Slow-roasted leg of lamb is a rustic dish ideally suited to showing off a full-bodied Shiraz.
This is the perfect lazy-day recipe when you have more important things to think about than watching the clock to gauge precise roasting time.
This recipe is great for lamb that’s past the first flush of youth. Think sizeable legs of 2kg or more, from an animal our mothers used to call mutton. The meat is tastier, richer, and ready to take on the bold flavours of olive oil, garlic, and lemon, and fistfuls of fresh herbs. You’ll need a lot of liquid to keep things moist. My choice is a combination of fulsome white wine and beef stock. These niftily balance the flavour of the meat and accompanying flavourants, creating a counter-point to the Shiraz you’re going to serve with it. If you use red wine for the cooking, it all gets a bit much.
Towards the end, small onions are dunked into the gravy, adding flavour and eye-appeal, not to mention the perfect partner for the meaty main event. Other veggies can be added as well, such as new potatoes, infant carrots and cauliflower.
Slow-Roasted Leg of Lamb
1 large, fat leg of lamb (about 2 kg)
sea salt and milled black pepper
2 heads of garlic
2-3 lemons, sliced
generous amounts of rosemary, oregano and thyme sprigs
cup olive oil
1 cup full-bodied, dry white wine
1 cup beef stock
32 pickling onions, peeled
Heat the oven to 120C. Trim the lamb of excess fat (leave on a goodly amount for flavour and succulence) and season with a little salt and a generous amount of pepper. Cut the garlic heads in half through the middles and place them in a roaster to fit the meat snugly. Add the lemon slices and rosemary, oregano and thyme sprigs. Nestle the meat into this bed of bliss, and pour over the olive oil, wine and stock. Seal the roaster securely with a couple of large sheets of oiled foil (the oil will prevent the meat from sticking to the foil and ruining the look of your creation).

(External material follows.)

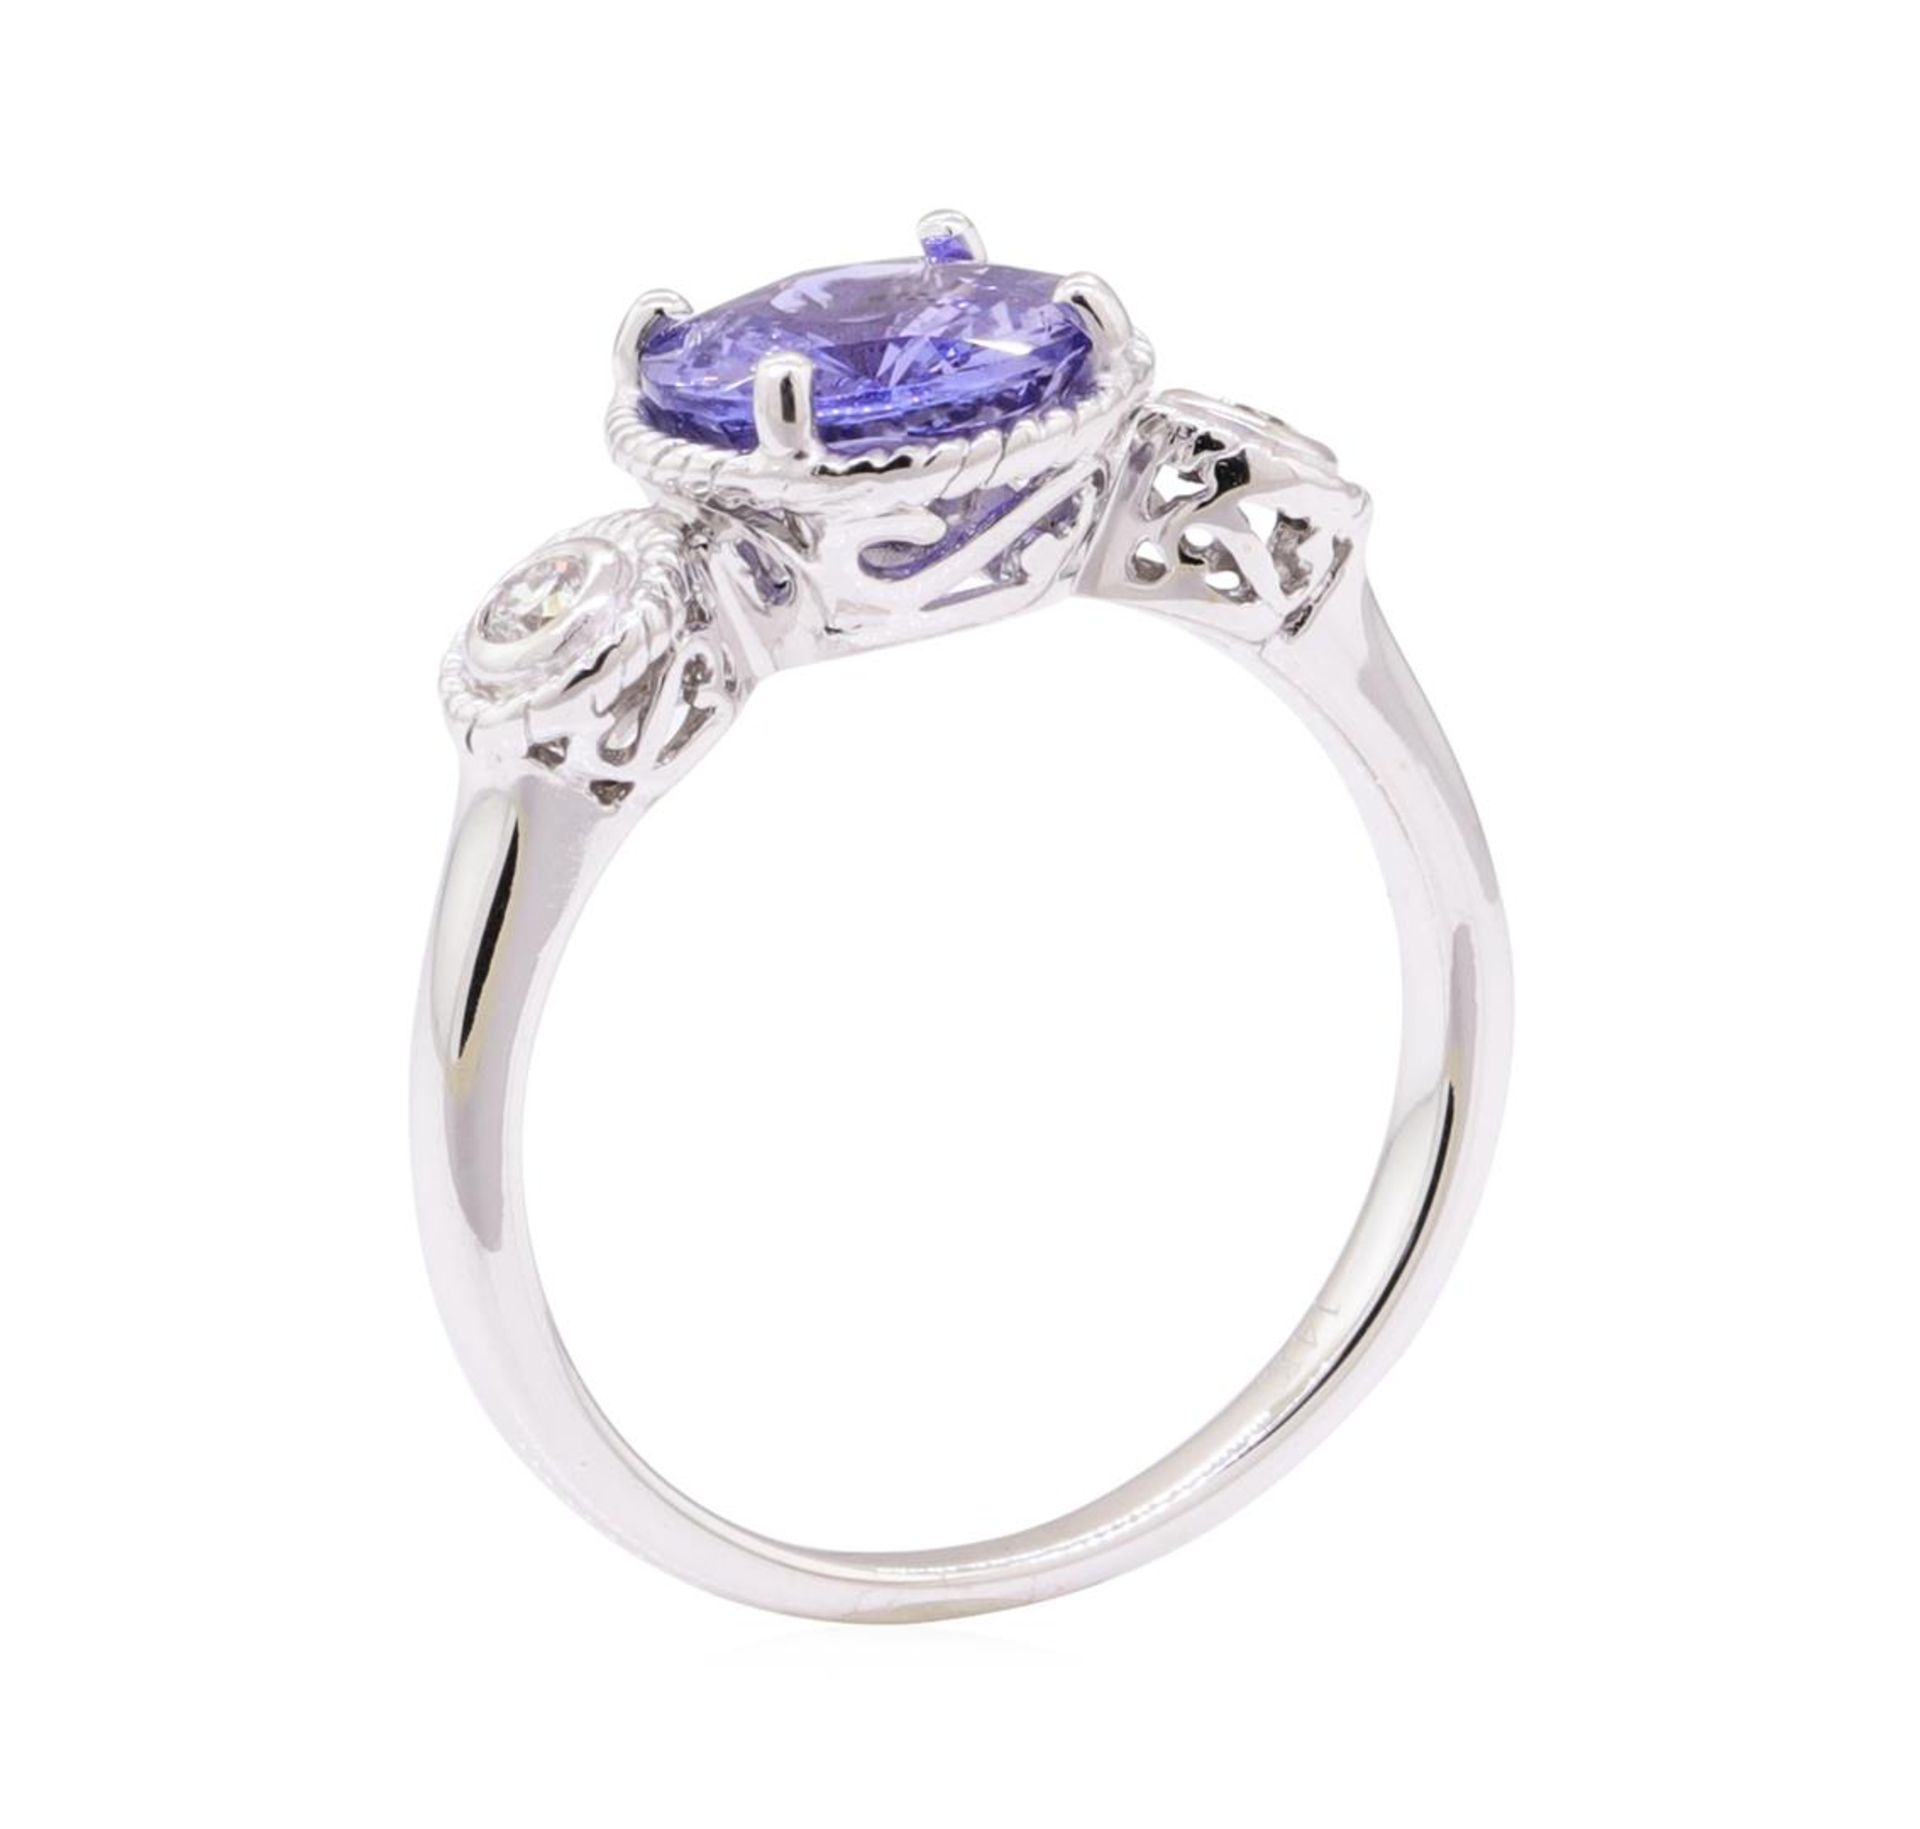 2.08ctw Blue Sapphire and Diamond Ring - 14KT White Gold - Image 4 of 4

Roast the meat for about six hours until meltingly tender. The magic will happen whether or not you intervene, though nervous cooks might like to open the parcel and turn the meat occasionally. Add the onions (and other vegetables of your choice) to the sauce about 30 minutes before the cooking’s done.
Llift the lamb and vegetables onto a warm serving platter and tent with foil while finishing the gravy. Strain the cooking liquid into a saucepan, skim off the excess fat and boil uncovered until reduced and slightly syrupy. Eat up!